Rather than restrict the product to those who would likely receive the most benefit, value-based pricing or reimbursement allows payers to pay more for patients whose likely benefit is greatest, and less for indications where there is less potential benefit, he explained. The patient pays the same co-payment regardless of indication.
Grueger also discussed the concept of conditional reimbursement for drugs that are conditionally approved for marketing. The reimbursement is warranted because there is a potential for significant benefit even though there is insufficient information to demonstrate efficacy fully, he said.
If scientists or policymakers have enough data for conditional approval, that should be sufficient for reimbursement based on "a first, very initial, very crude, price and reimbursement assessment," he said.
Reimbursement would be adjusted up or down if subsequent data shows the benefit is greater than expected or less than expected, he added.
Conditional reimbursement also could be used in situations where full approval is granted but long-term benefits of a therapy remain uncertain, he said.
The benefit of pricing and reimbursement schemes that permit price adjustments based on later data is that both the drug maker and payer share the risks, according to Grueger.
Risk sharing is useful "in situations where responses to therapy are not predictable," he said, and "may be the next frontier" of reimbursement.
Grueger sees little future for "money-back guarantees," such as the U.K. agreement with Johnson & Johnson under which the company will rebate the cost of using Velcade (bortezomib) in patients who have a minimal response to the drug ("The Pink Sheet," Oct. 15, 2007, p. 5).
These "are just rebate schemes in disguise," he contended.
In the case of Velcade, "it is quite clear what proportions of patients will benefit from therapy and what proportion of the overall drug costs has to be refunded by the manufacturer," he explained to "The Pink Sheet."

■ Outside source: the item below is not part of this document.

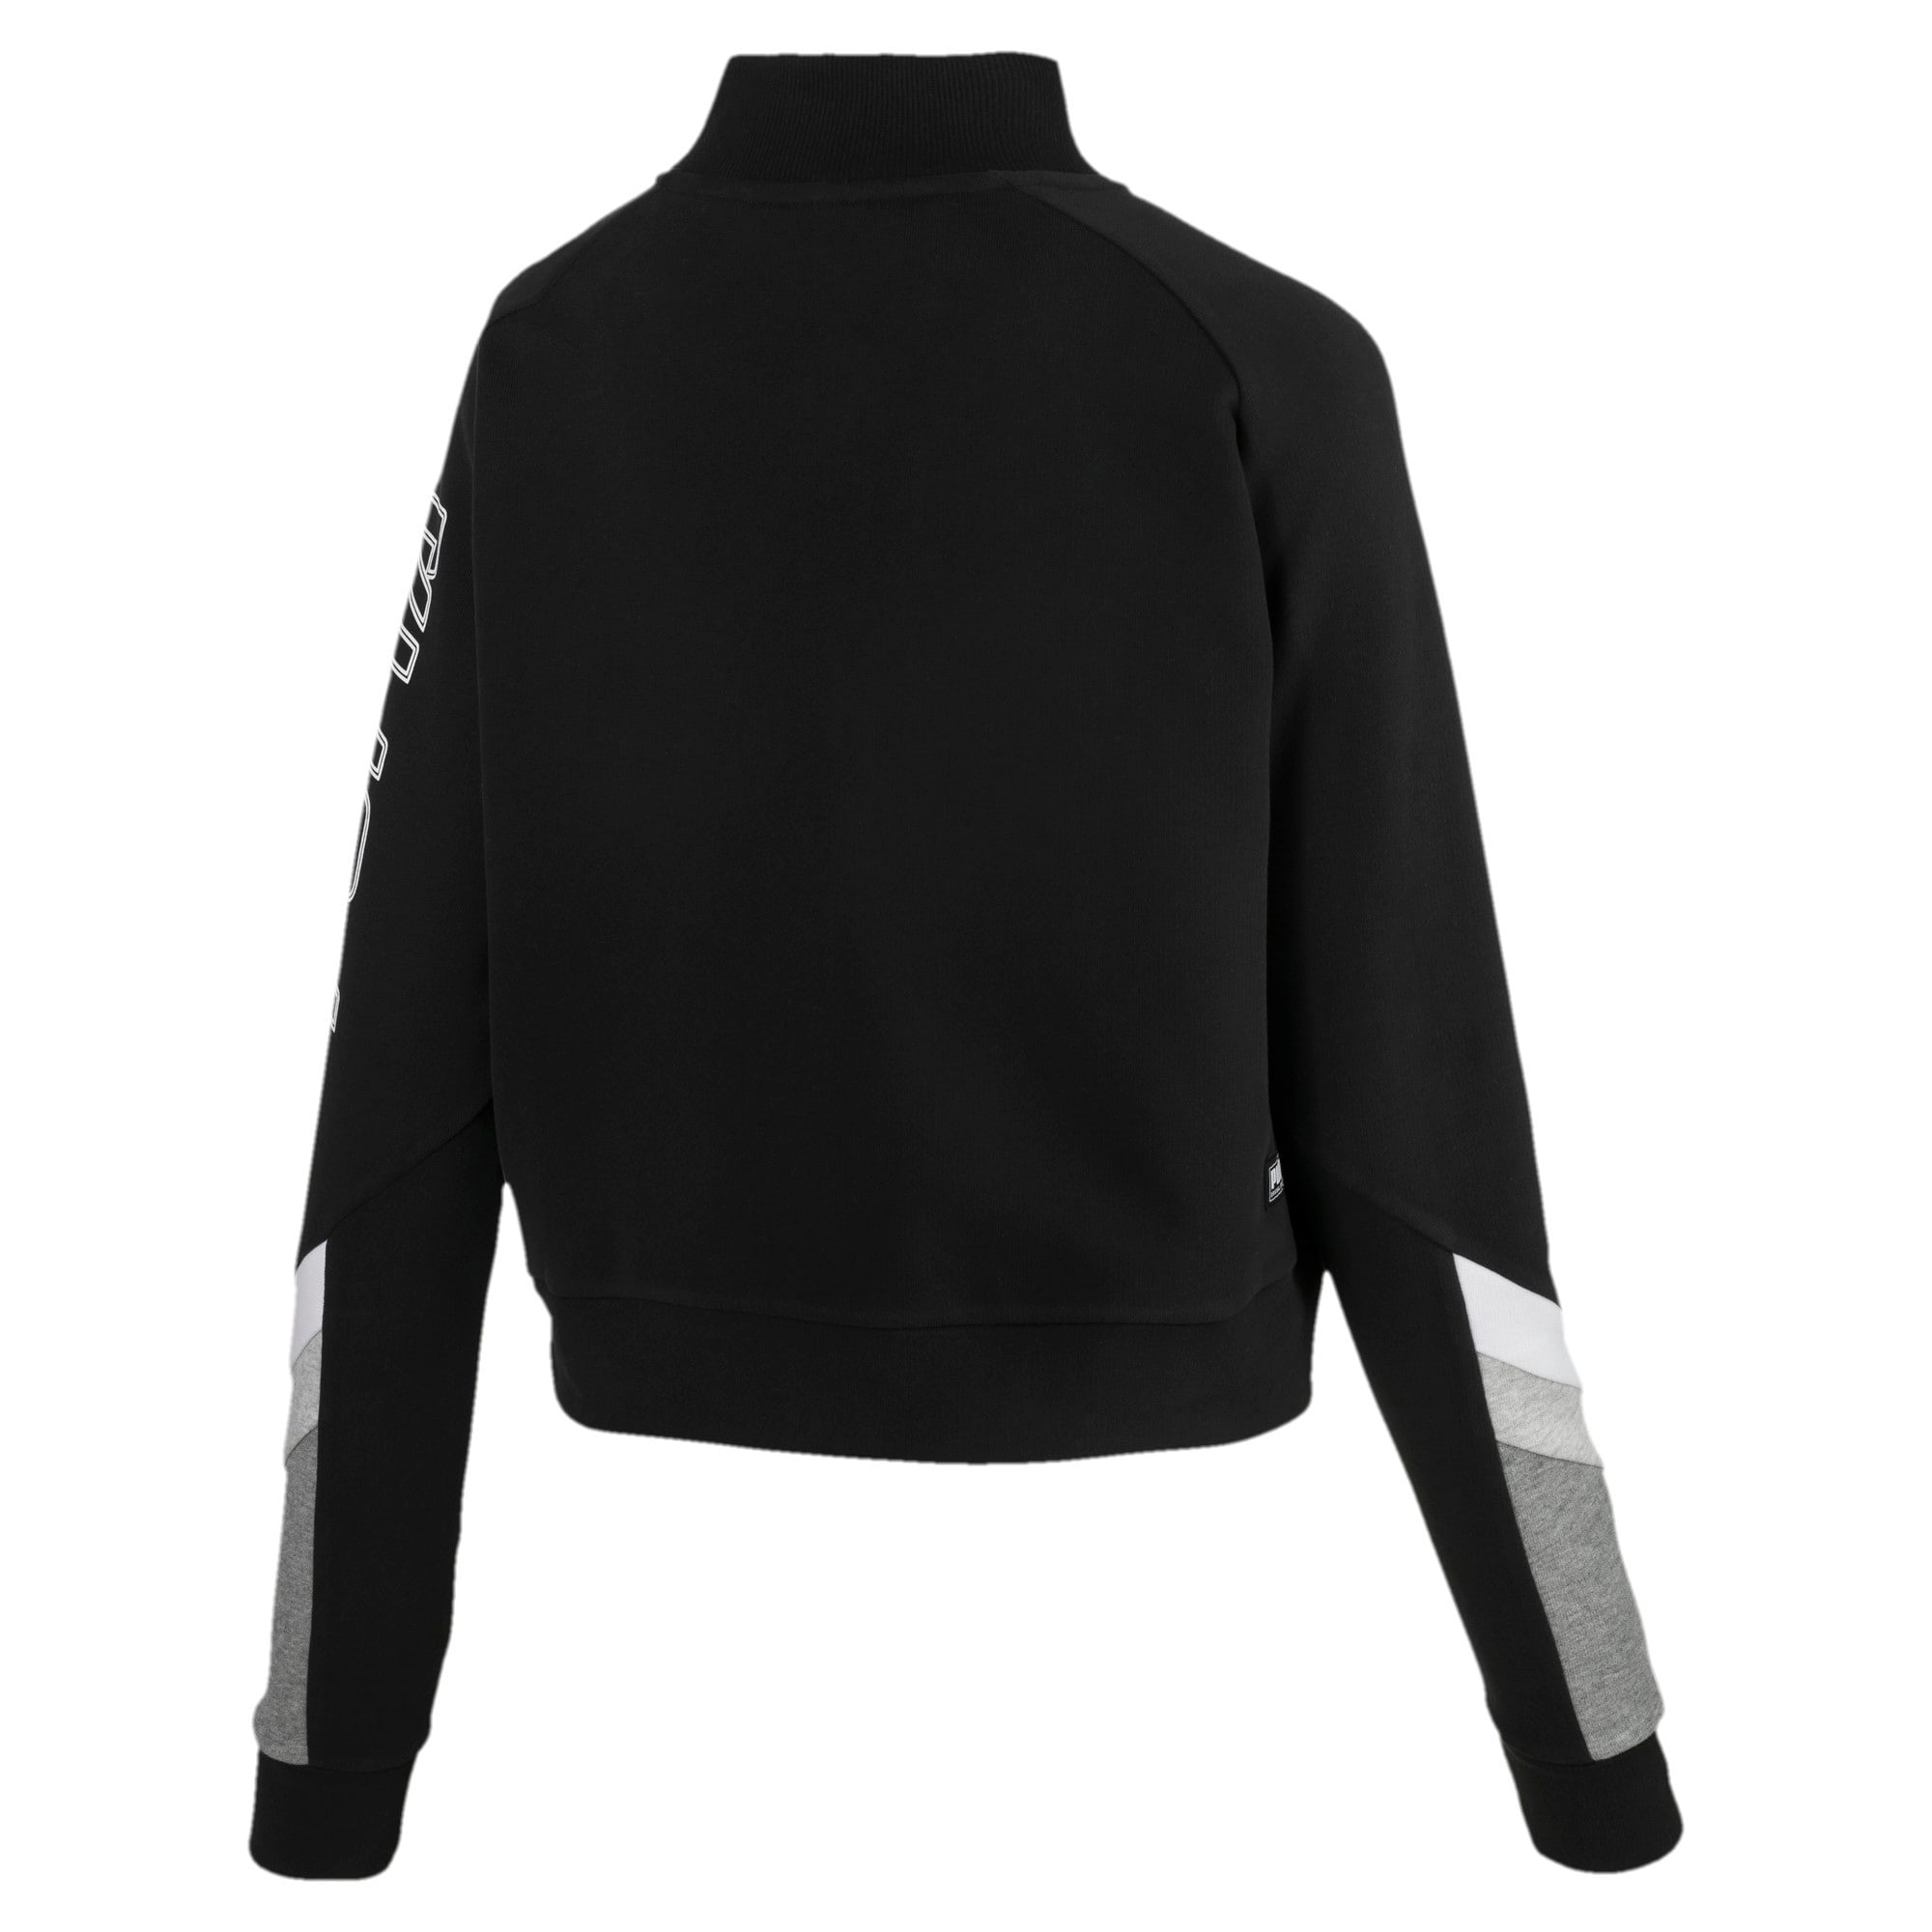 Thumbnail 5 of Athletics Bomber Jacket, Cotton Black, medium

"So the price could have been lowered to reflect this."
The U.K. is not the only country seeking better value in the drug market. The German Institute for Quality and Efficiency in Health Care has proposed that evaluations be conducted to set a ceiling reimbursement level for drugs and medical devices under Germany's government-based health insurance system ("The Pink Sheet," March 3, 2008, p. 28). Germany currently does not take drug pricing into account when adopting new therapies.